Reference Gene and Protein Expression Levels in Two Different NAFLD Mouse Models

Layanne C C Araujo 1, Silvana Bordin 1, Carla R O Carvalho 1,
PMCID: PMC7023843  PMID: 32089674

Abstract

The expression levels of some reference genes and proteins are used for data normalization and quantification. However, these levels can change in response to experimental conditions or treatments. Aim. The aim of this work was to evaluate reference gene and protein expression in models of nonalcoholic fatty liver disease, using mice fed with a high-fat diet (HFD) and mice that are genetically obese (ob/ob). Main Methods. Histological staining techniques were used to verify the morphology and quantify the amount of lipid droplets present in the liver. Real-time polymerase chain reaction and immunoblotting were employed for monitoring protein expression and gene expression levels, respectively. Key Finding. The results showed that there was a substantial increase in the amount of lipid droplets in the livers of HFD and ob/ob animals when compared to the standard diet (SD) group. There was an observed reduction in the expression of β-actin (10%), α-tubulin (6%), GAPDH (19%), and RPL3 (15%) genes when comparing the ob/ob group to the HFD group. Additionally, the ob/ob mice displayed GAPDH protein levels that were substantially, but not significantly, reduced when compared to SD. Significance. It was concluded that there are slight differences in the expression levels of reference genes and proteins in these two NAFLD animal models, and researchers should consider these alterations when working with these models.

1. Introduction

Qualitative and quantitative analyses, of gene and protein expression, rely on the presence of reference genes and proteins that are expressed at constant levels in the analyzed samples. Inappropriate endogenous controls can compromise the accuracy and reliability of the results. This is because these genes and proteins are commonly used to normalize data and correct experimental errors, thus allowing for direct comparisons of gene and/or protein expression [1].
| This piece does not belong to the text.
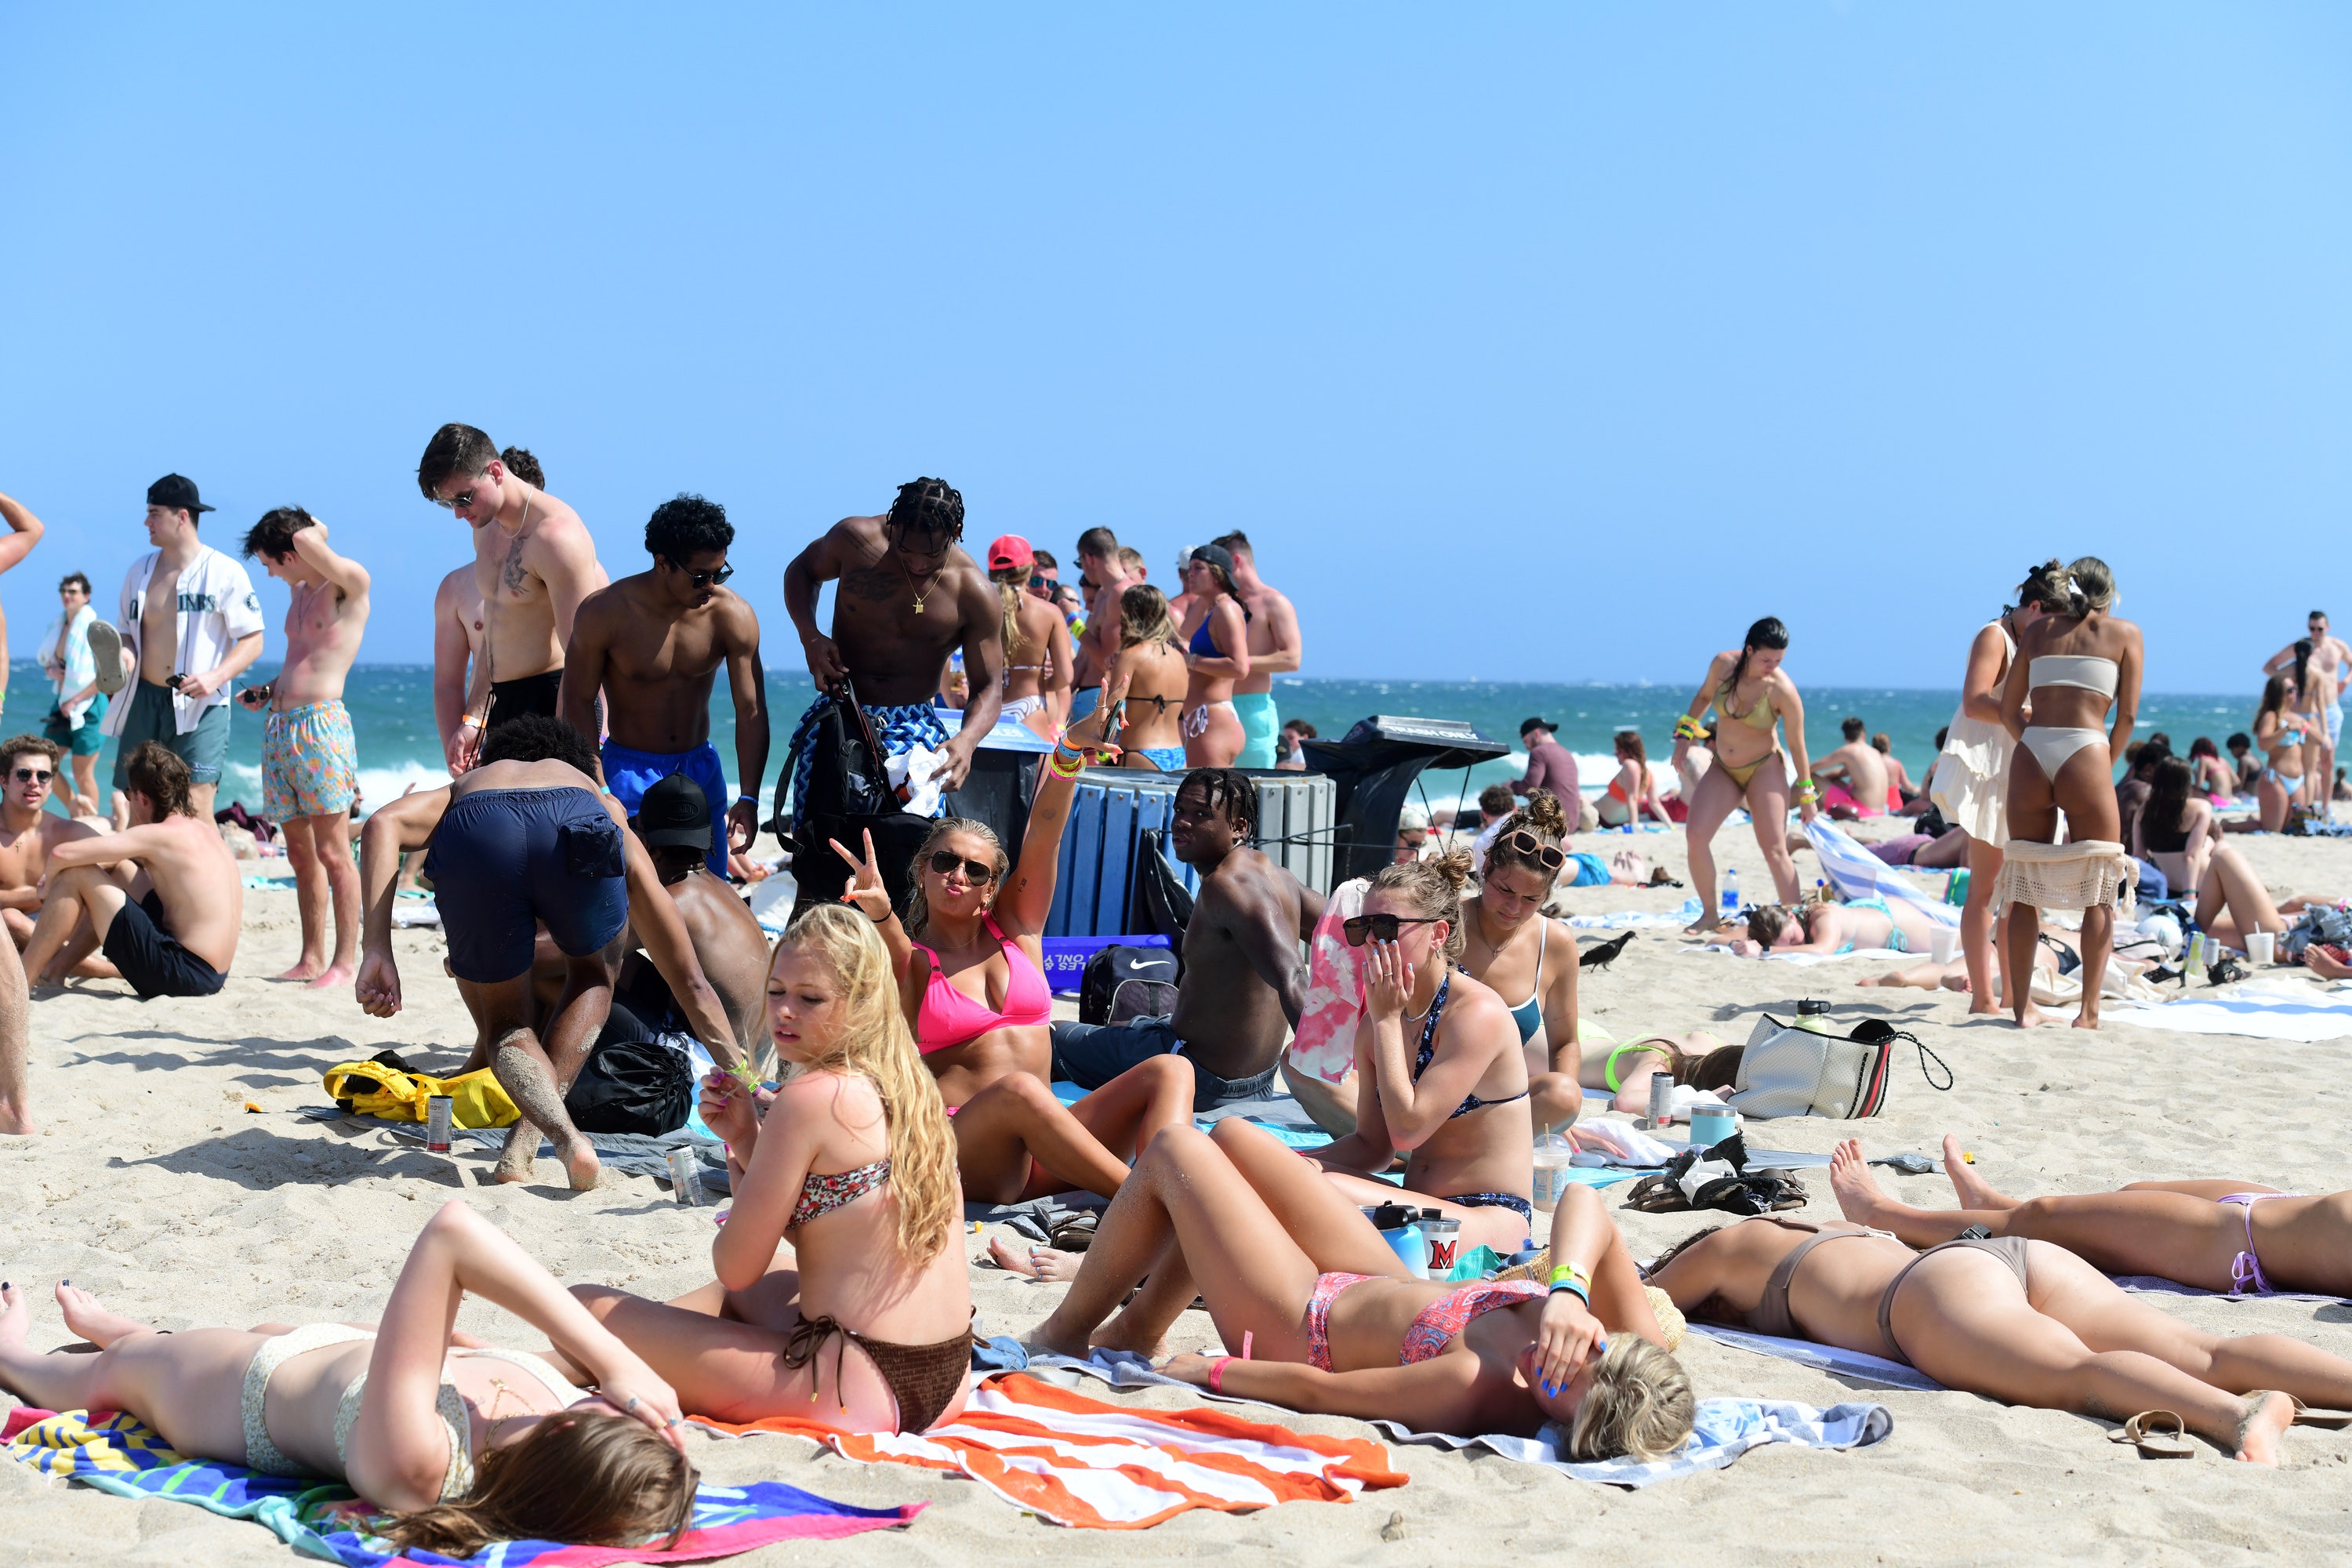 Fort Lauderdale spring breakers having fun in the sun as Miami Beach guests simmer over curfew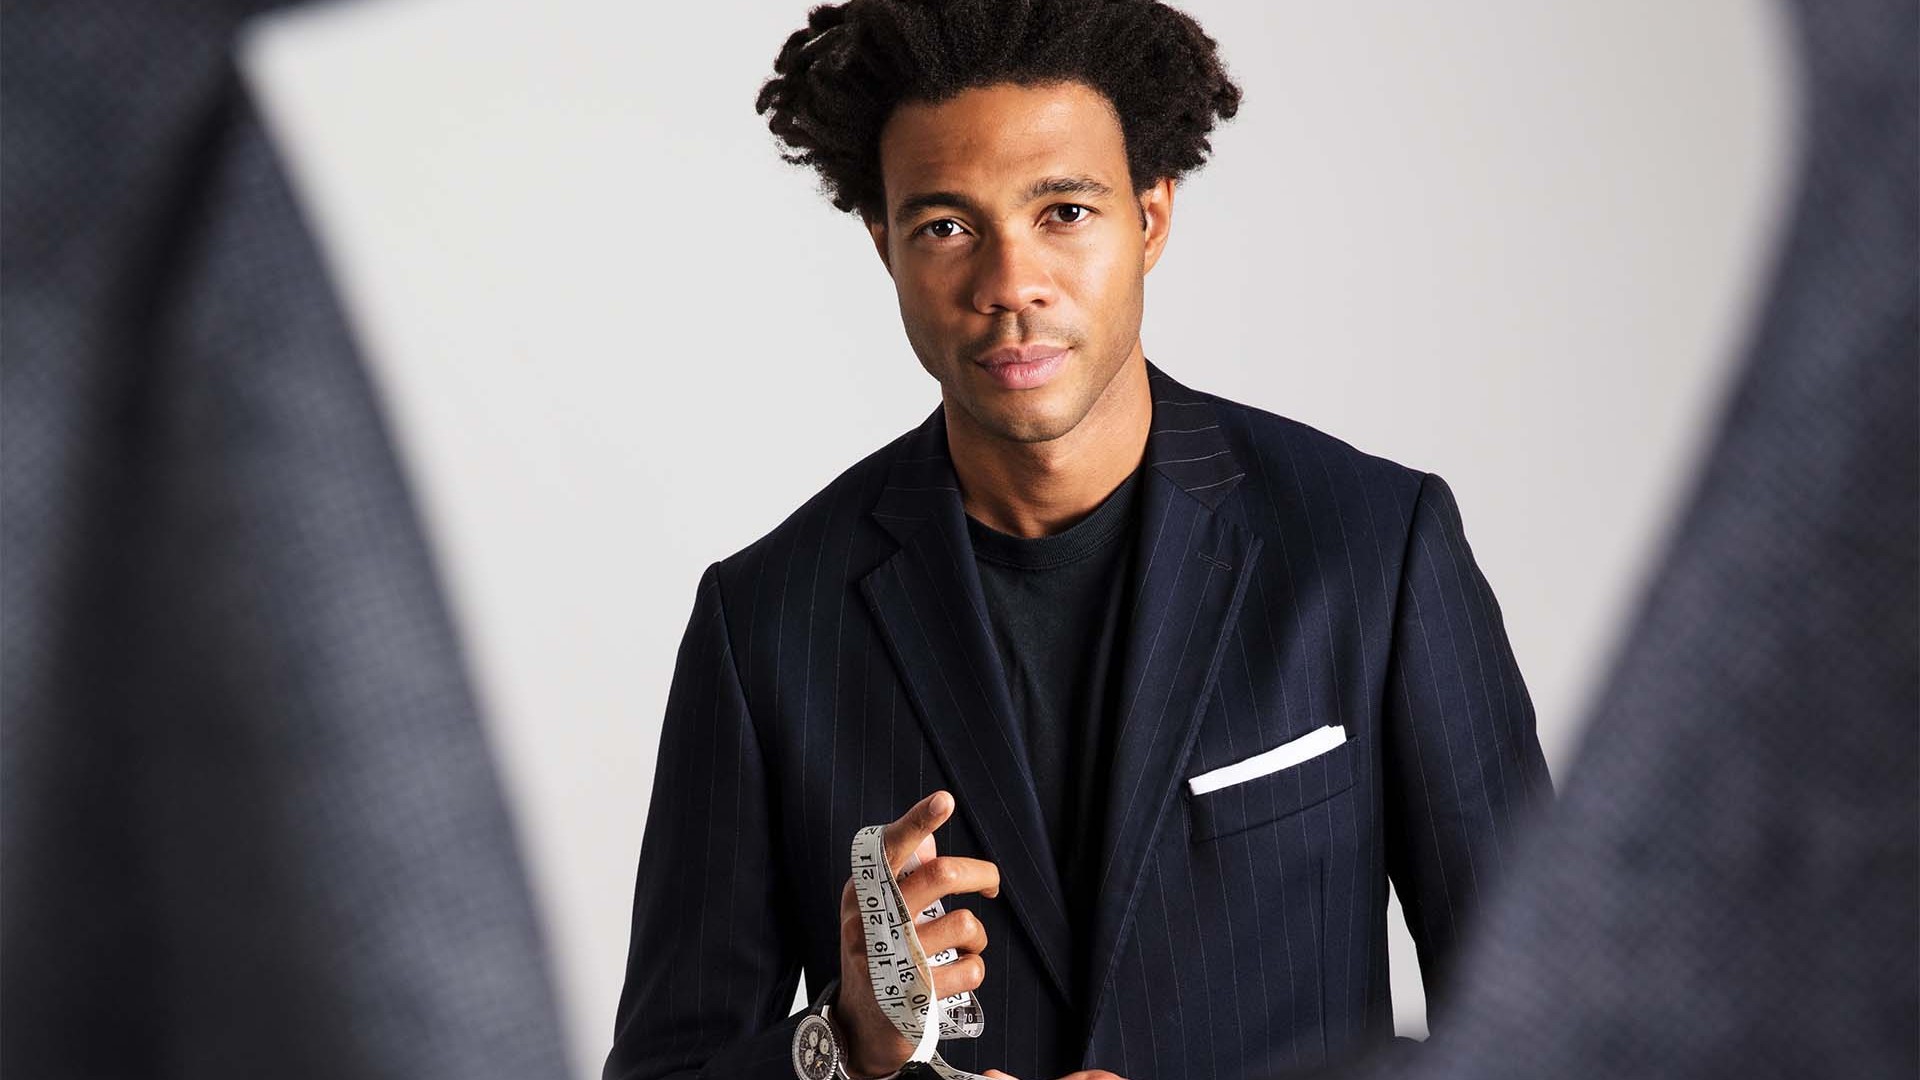 Designer Charlie Casely-Hayford talks style, music, and the future of

Previous studies have shown that the expression of some internal controls varies, depending on the experimental conditions. For example, the expression levels of β-actin, glyceraldehyde-3-phosphate dehydrogenase (GAPDH), and β-tubulin were shown to increase in some tumors [1, 2], while other conditions such as Alzheimer's disease, alcoholic hepatitis, cirrhosis, and schizophrenia have been implicated in altering the expression of endogenous reference genes and/or proteins [3, 4]. Furthermore, nonalcoholic fatty liver disease (NAFLD) has also been shown to alter the constitutive expression of reference genes used to normalize gene expression levels [5].

In a study previously performed by our research group with high-fat diet and ob/ob mice, which we used as NAFLD models, it was used as constitutive the β-actin for protein expression and β2 microglobulin (B2M) for gene expression [6]. As it was seen that these constitutive genes and proteins were suitable for experiments with these models and that there are no standardization studies for constitutive use in NAFLD, we set out to investigate different genes and proteins.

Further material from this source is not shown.